Chapter 10
Performance Analysis of Pushlike Movements
 
Pages 366-367: Questions # 1 to 8 inclusive [answers in bold print]

1.    Perform a vertical jump with the nonreaching arm held at the side throughout the jump and the reaching arm held above the head.  Measure the jump.  Repeat the jump, swinging both arms upward just before takeoff.
       a.    Explain any difference between the two techniques in regard to the height of the projection.
       b.    What is the acceleration-deceleartion pattern during the ROM of the arms relative to the extension of the hips?
       c.    Does a sequence of segmental rotations occur during the jump, or are the rotations simultaneous?

a.    The height of projection of the body using an arm swing should be greater than the height attained when not upward causes a downward reaction of the body.  The greater force upward by the ground, in reaction to this greater downward force, adds to the projection velocity of the body, and hence, to the greater hegith attained.  According to the transfer of momentum concept:  the arms acquire momentum as they accelerate upward; when the arm movement decelerates or stops, this momentum is transferred to the total body; and the total body wil take on the momentum of the arms.  Of course, isnce the body has a much greater mass than the arms, it will not assume as great a velocity as the arms had.

b.    The acceleration pattern of the arms may be difficult for the student to observe, compared to the acceleration of hip extension.  The arms should begin their upward acceleration of hip extension.  The arms should begin their upward accleration before the hips begin to extend, and the hips should continue to acclerate as the arms begin to decelerate (approximately 90 degrees flexion).

c.    A distinct sequencing of the jumping pattern may be observed through the use of electrogoniometry and a force plate.  The jump is initated bye arm swing, followed by the extension of the trunk about the hip joints, followed by the simultaneous extensions of the hip and knee joints, and, finally, by plantar flexion of the ankles.

2.    Stand on a scale in anatomical position.  From this position, perform the following actions while watching the weight indicator: (a) flex the elbows quickly, (b) flex the shoulder joints slowly, (c) flex the shoulder joints rapidly, (d) quickly flex the hips, knees, and ankles, (e) from a half-squat position, extend the hip, knee, and ankle joints rapidly.  Explain the reactions of the scale in this experiment in terms of acceleration and deceleration of the segments.  Relate this to the weighting and unweighting of the lower segments and the upward reaction force created at the feet.

The magnitude of the reaction force at the feet will depend on the amount of mass being accelerated upward and the magnitude of the acceleration of that mass.  The greater the mass being accelerated upward, the greater will be the reaction force at the feet, and the greater will be the increase in the scale reading.  The greater upward accelration of the segments, the greater will be the reaction force at the feet, and the greater will be the scale reading.  During the middle of the range of motion of the segments, the scale reading should decrease and possibly reach zero.  This is indicative of the deceleration of the segments, the transfer of momentum to the total body, and the resulting "unweighting" of the body.

Note:  If a simple bath scale is used, the dial of numbers will rotate rapidly with fast movemnts and slowly with very slow movements, and the numbers will never be discernible  Therefore, the student should be instructed to watch for the immediate directional change of the dial as being indicative of greater or smaller ground reaction force.

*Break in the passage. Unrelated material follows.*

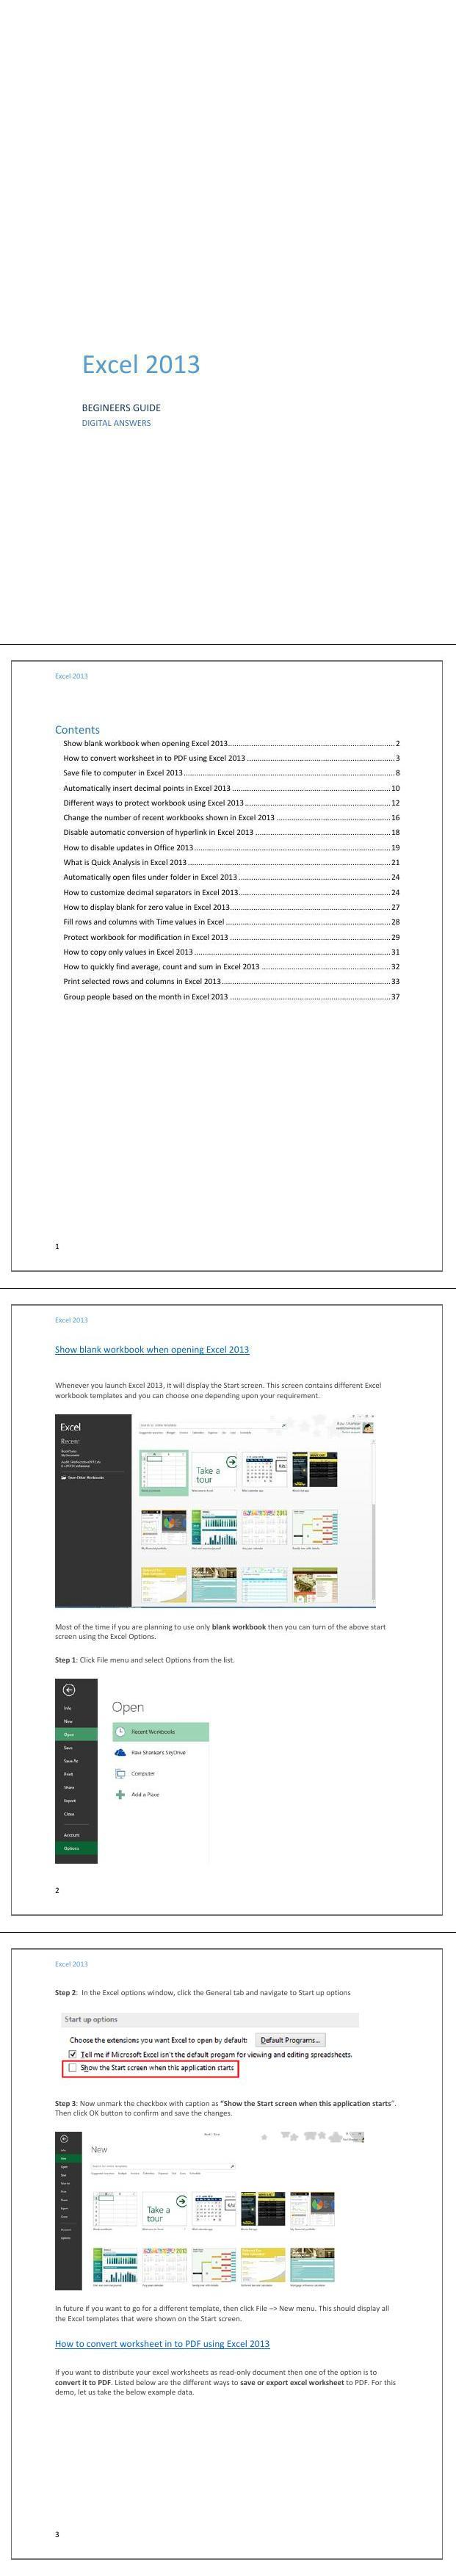 PDF] EXCEL 2013 advanced tutorial workbook - Free PDF Download
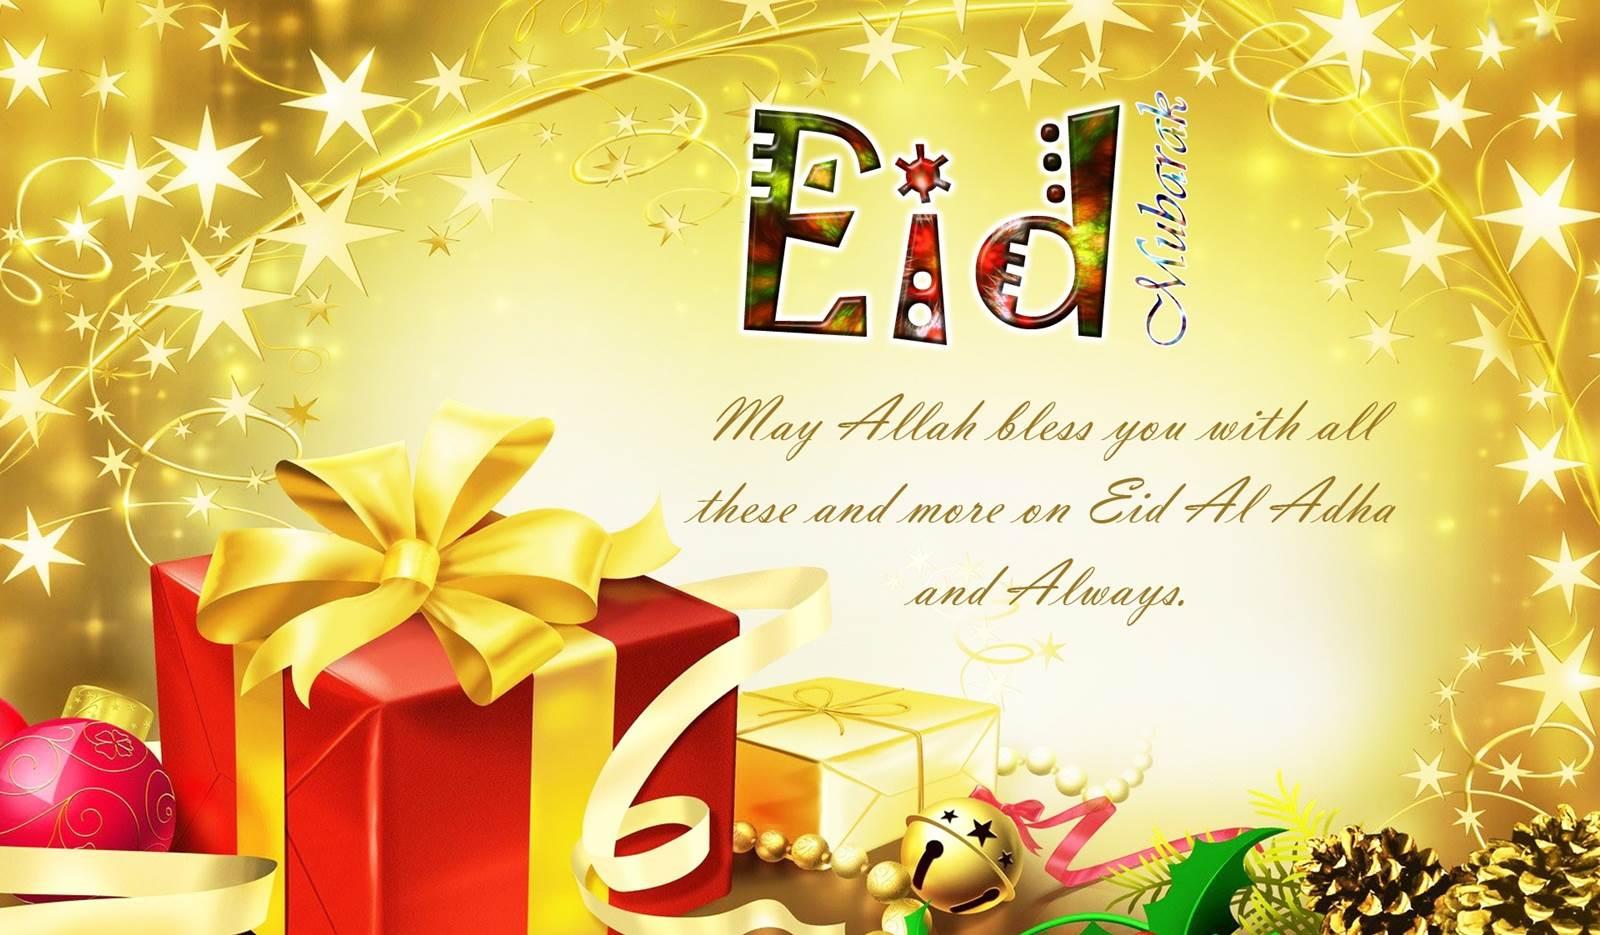 Eid Al Adha Mubarak Wallpapers Eid Greeting Cards Xcitefun

3.    Complete this sentence:  Whenever the free end of a kinetic link system is more massive than the fixed end, the system is called a ______ kinetic chain.

Closed Kinetic Chain

4.    Compare the force and veleocity components and the power requirements of a bench press and a snatch lift.

                                    Bench Press            vs.            Snatch Lift
Force component             higher                                    lower
Velocity compoment:        lower                                    higher
Power component:            lower                                    higher

5.    What three mechanical purposes do pushlike activities fall into?

Achieve maximum force (e.g.  to manipulate lots of resistance), achieve maximum power (e.g. to project for maximum horizontal distances), to achieve accuracy.

6.    Explain the power transfer of uniarticulate and biarticulate muscles in jumping.

According to a study by F.E.Z. ajar (1993), the uniarticulate muscles of the lower extremity produce most of the power in jumping while the biarticulate muscles provide the coordination of the sequencing of the segmental rotations.

7.    Describe the similarities and differences between jumping patterns of mature jumpers and young children.

Both mature jumpers and young jumpers follow a similar pattern of force application.  However, the young jumpers have less strength, balance, perception, and motivation.

8.    Discuss the mechanical factors important in successfully producing an accuracy-type activity.

- consistency of movements
-straight line motion just prior to during and just after release/impact
-solely a rectilinear path when projecting for a short distance
-changing from a curvilinear path to a rectilinear path just prior to and during release/upright when projecting for accuracy -when speed enhances the performance of the task.